Updating the water system is a three-phase project, which includes installation of a brand new filtration system, as well as two sections of 12-inch PVC piping that run across the Route 100 bridge, and up Jarvis Hill Road to the town reservoir. While the total project cost is $1.3 million, the state of Vermont is providing 58% percent of the price tag while Readsboro picks up the remaining 42%, using a 25-year bond loan.
On March 29, the Vermont Department of Environmental Conservation, Drinking Water and Groundwater Protection Division, conducted only the third inspection of the system since its installation in the mid-1980s. The state’s report found nine areas of deficiency, but also recognized the town acquired permits for construction that would address many of the system’s upgrade needs. According to Readsboro Selectboard chair Teddy Hopkins, the town’s approach to tackling big-ticket projects this summer will make it easier to meet all of the requirements.
“The state came through and checked the whole ball of wax,” said Hopkins. “We got hit up with a whole slew of things to take care of and there are still more inconsistencies the town must meet. For now, this satisfies what needs to be done this year.”
Already completed is the installation of new filters in the water station off Branch Hill Road, which takes water from Howe Pond and the reservoir on the northwest side of town. The new filtration system was built with plastic piping and features an alarm system that lets the operator know of inconsistencies in turbidity, telemetry, water pressure, and electricity. According to water system operator Mitchell Holland, the alarm system provides piece of mind.
“If there’s any problems, it calls me at home,” said Holland. “This alarm system used to just cover turbidity (how muddy the water is) and now there’s more things it looks out for, so you can catch those things quicker. I get calls at home all the time.”
The new filtration system was an immediate necessity. According to the state’s report, the legs supporting the old filters had a significant amount of corrosion and “failure” was imminent. Other problems included a valve junction box that was leaking significant amounts of water, and the lack of a more comprehensive alarm system.
Holland says that while improvements were needed, the town’s water quality has never wavered. Holland is currently working with Culligan, as well as project designer Green Mountain Engineering, to bring each of the filter’s PSIs to the magic number of 25. The cost of work on the filtration system came to approximately $125,000.
The two other parts of the water project can be found underground, where Zaluzny Construction is installing 12-inch PVC piping.
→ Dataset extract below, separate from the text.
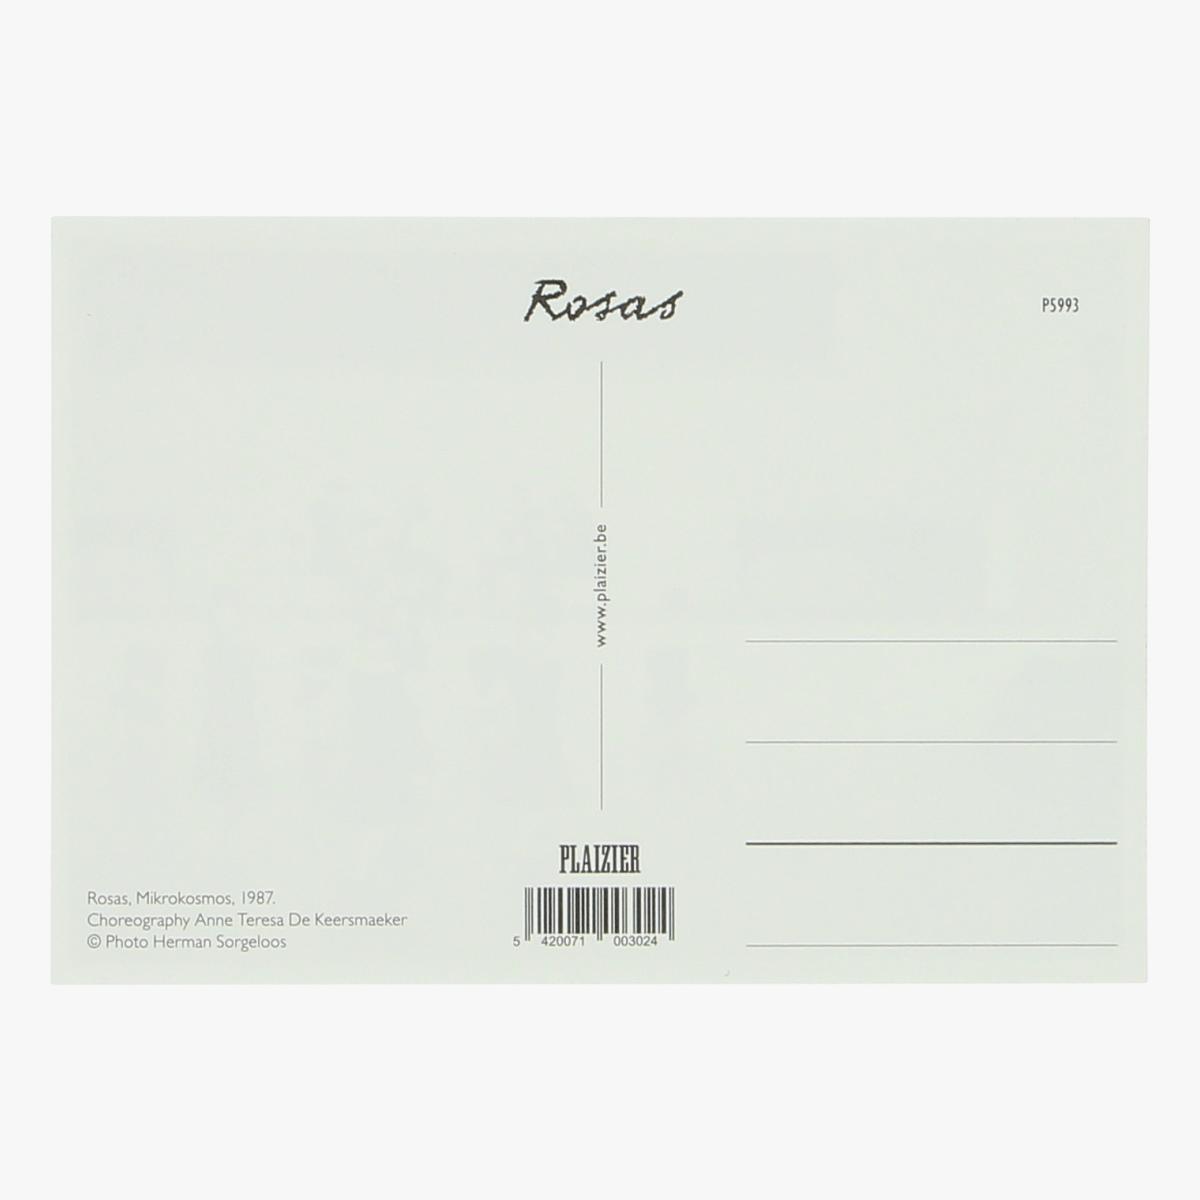 Afbeeldingen van postkaart rosas, Mikrokosmos 1987 repro

Readsboro’s current water system has three different pipe sizes throughout, including six-, eight-,and 12-inch piping at various points. The water project is intended to bring as much of the water system as possible up to 12-inch piping, and address minimum requirements for fire hydrants, which require at least 8-inch piping.
The first leg of installation is underway with 860 feet of pipe being run to the reservoir. Two hundred feet of pipe were already installed in the first two days. The total length of the piping installations will reach 1,300 feet.
Eli Erwin is supervising the water project for Green Mountain Engineering, and acting as the town’s eyes and ears on the project, keeping the design and timetable on track, while informing the town of any change orders the project requires. With a rocky, ledge-filled terrain to tackle, Erwin says the project has gone surprisingly smoothly, which can save the town money, and possibly allow the project to extend further.
“We throw money at each segment,” said Erwin. “Rock removal is one, ledge removal is another, but those are all unknown quantities. If we find a boulder, it could take up more time. We don’t want to do any blasting because that takes more time and equipment, so to do it with equipment on site is better and allows us to keep proceeding with piping.”
Hopkins explained that each snag could set the project back. “Anything can save money. If they can go faster it saves extra dollars for the town and then that’s more money we can use to extend pipe on another side of town.”
The second part of the piping process will run piping down to the Route 100 bridge where new 12-inch pipe has already been fastened along its underside. At the other side of the bridge, however, there is still six-inch pipe running along Main Street. Eventually, the town would like to replace that piping as well, connecting 12-inch pipes from the filtration plant to the reservoir.
Taking a left off the Route 100 bridge, drivers on Tunnel Street will continue to wait at the temporary traffic light of a one-lane bridge until at least November.
The bridge, which crosses the West Branch of the Deerfield River, is undergoing a $3.7 million reconstruction. Hopkins said the bridge project has been on the books for over 20 years, due to deterioration of the old bridge.
The town is only required to cover 10% of the cost, with the state covering the remainder. Water and sewer lines ran adjacent to the old bridge, but due to updated requirements since its construction, both lines will be located under the bridge to comply with the requirement that lines be 6 feet underground. This is a cause for concern to Hopkins.
“Where the lines are notched out is four feet lower than the old one,” said Hopkins. “You talk about hurricanes and high water, and you wonder why the heck they’re putting the lines down there, but it was in the plans the state put together, and requirements made it that way. With the debris coming down the river I saw during Irene, it makes me nervous.”